In 2012, in the UK, Timothy Cavendish (Broadbent) is a publisher who gets involved with a gangster author that leads to him being tricked and locked in a retirement home. Here he receives a manuscript with Luisa Rey’s life and so he writes his own life story.

In 2144, in Neo Seoul, clone Sonmi-451 (Doona Bae) is treated as a slave and worse. After seeing a film about Cavendish’s life, she is inspired to lead a rebellion and make a public broadcast.

In The Big Island, 106 winters after a nuclear holocaust, Zachry (Hanks) lives with other tribesmen who worship the goddess Sonmi. He is visited by Meronym (Berry), a prescient who wants him to guide her to Cloud Atlas, a communications station.

The final time frame is decades after this and serves to tie up all the stories.

First off, one has to applaud the production for delivering such an ambitious film.

It starts off slowly but after the first hour, the strands start to fall into place and a sense of coherency kicks in.

I really enjoyed the fact that the film has an unhurried pace to it, letting one literally immerse himself in the picture and wander through its magnificent maze of visuals, emotions, settings and characters. I was amazed by the visual flair, even though with the directors’ background, this should have been a given.

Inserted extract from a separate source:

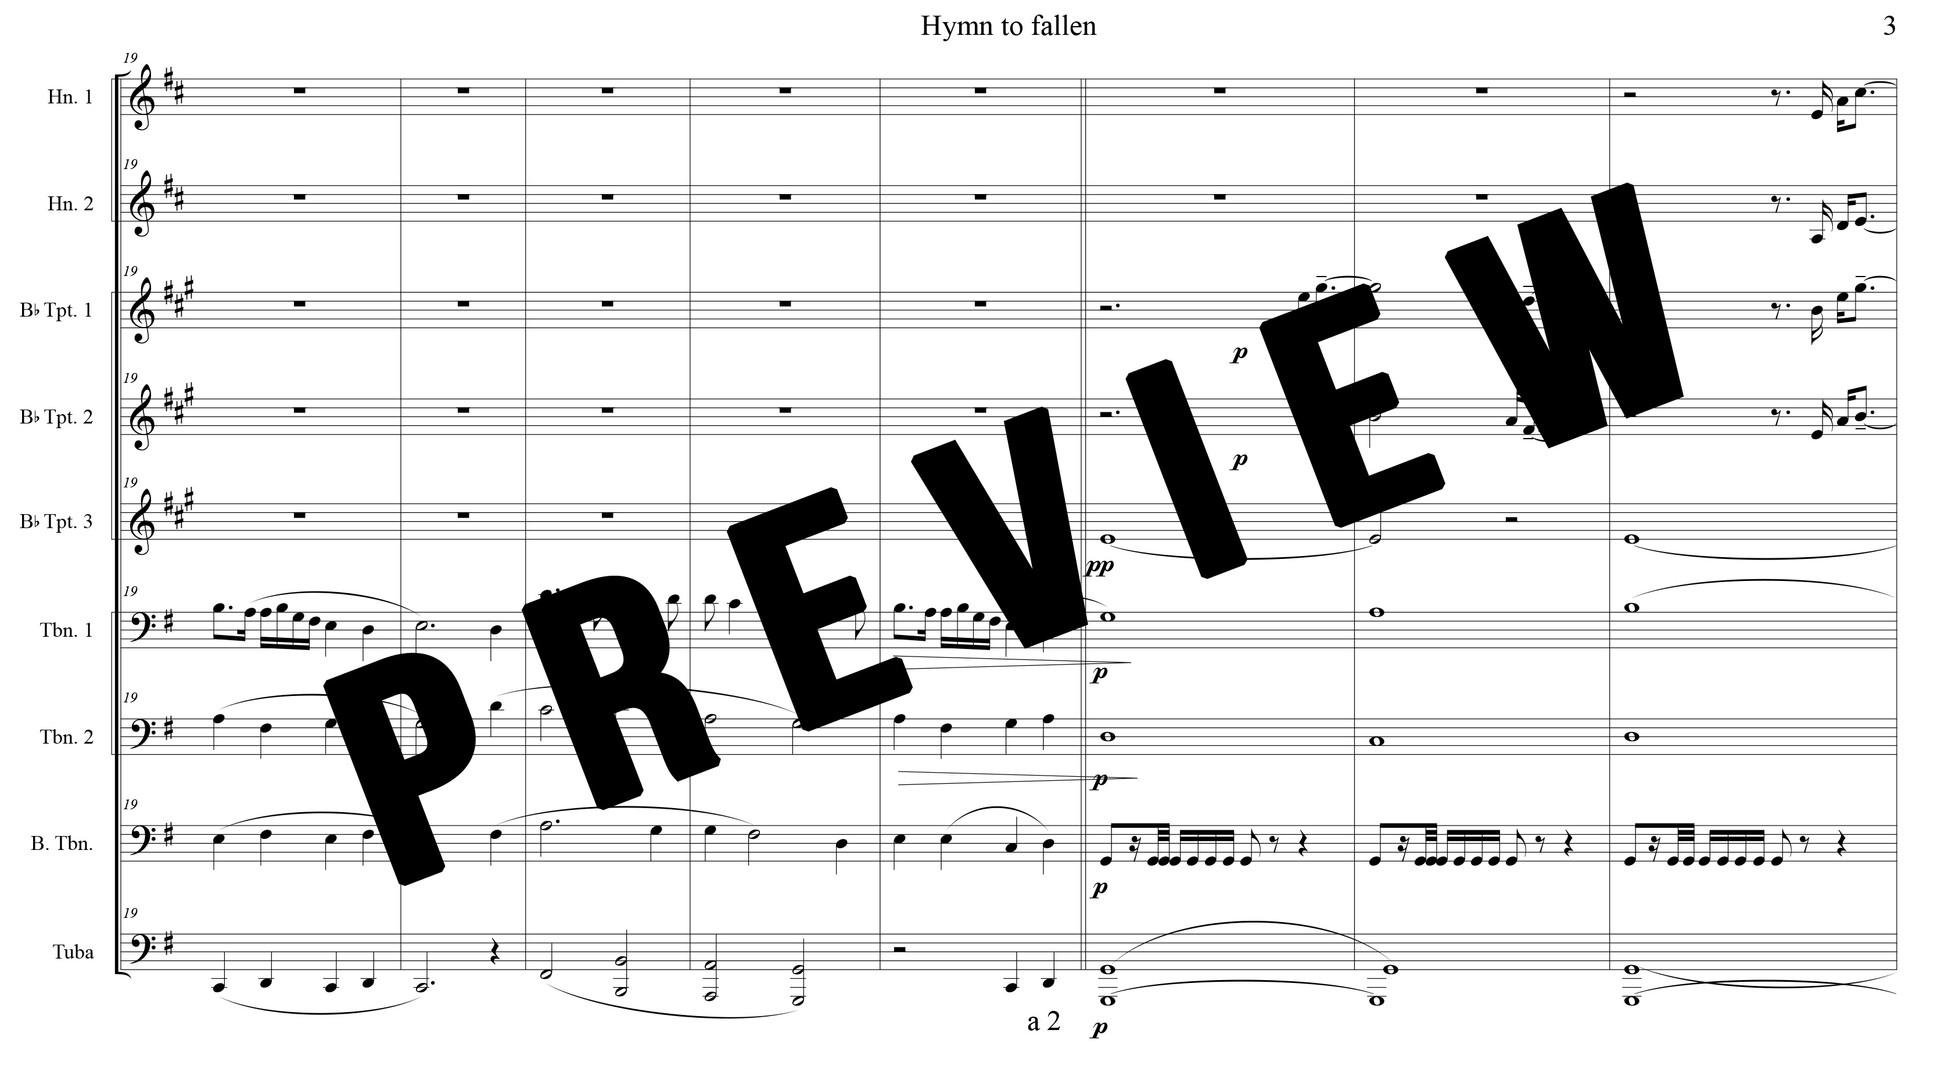 3.Hymn to Fall_BSM-3.jpg

It should also be noted that this is the first film that Larry Wachowski, who has undergone a sex change operation, is directing under his new name, Lana.

Special praise is to be showered on the make-up artists as the actors we know so well change looks in ways one would never expect.

The costumes are striking and add layers to the production. The cast is uniformly good.

This film is very hard to describe, and it’s only when one sees it, and its unique structure, that one can really appreciate it.

I would compare Cloud Atlas to a trapeze artist, who is always on the verge of tipping over, yet manages to walk the tightrope just fine.

I refer to this film as an experience, which is becoming even rarer these days, as each subsequent film becomes more and more of a commercial venture.

It also defies the odds and despite its complexities, Cloud Atlas manages to tie everything together and ends in a very satisfying manner.

The film also delivers the message that whatever our deeds, we are all the same.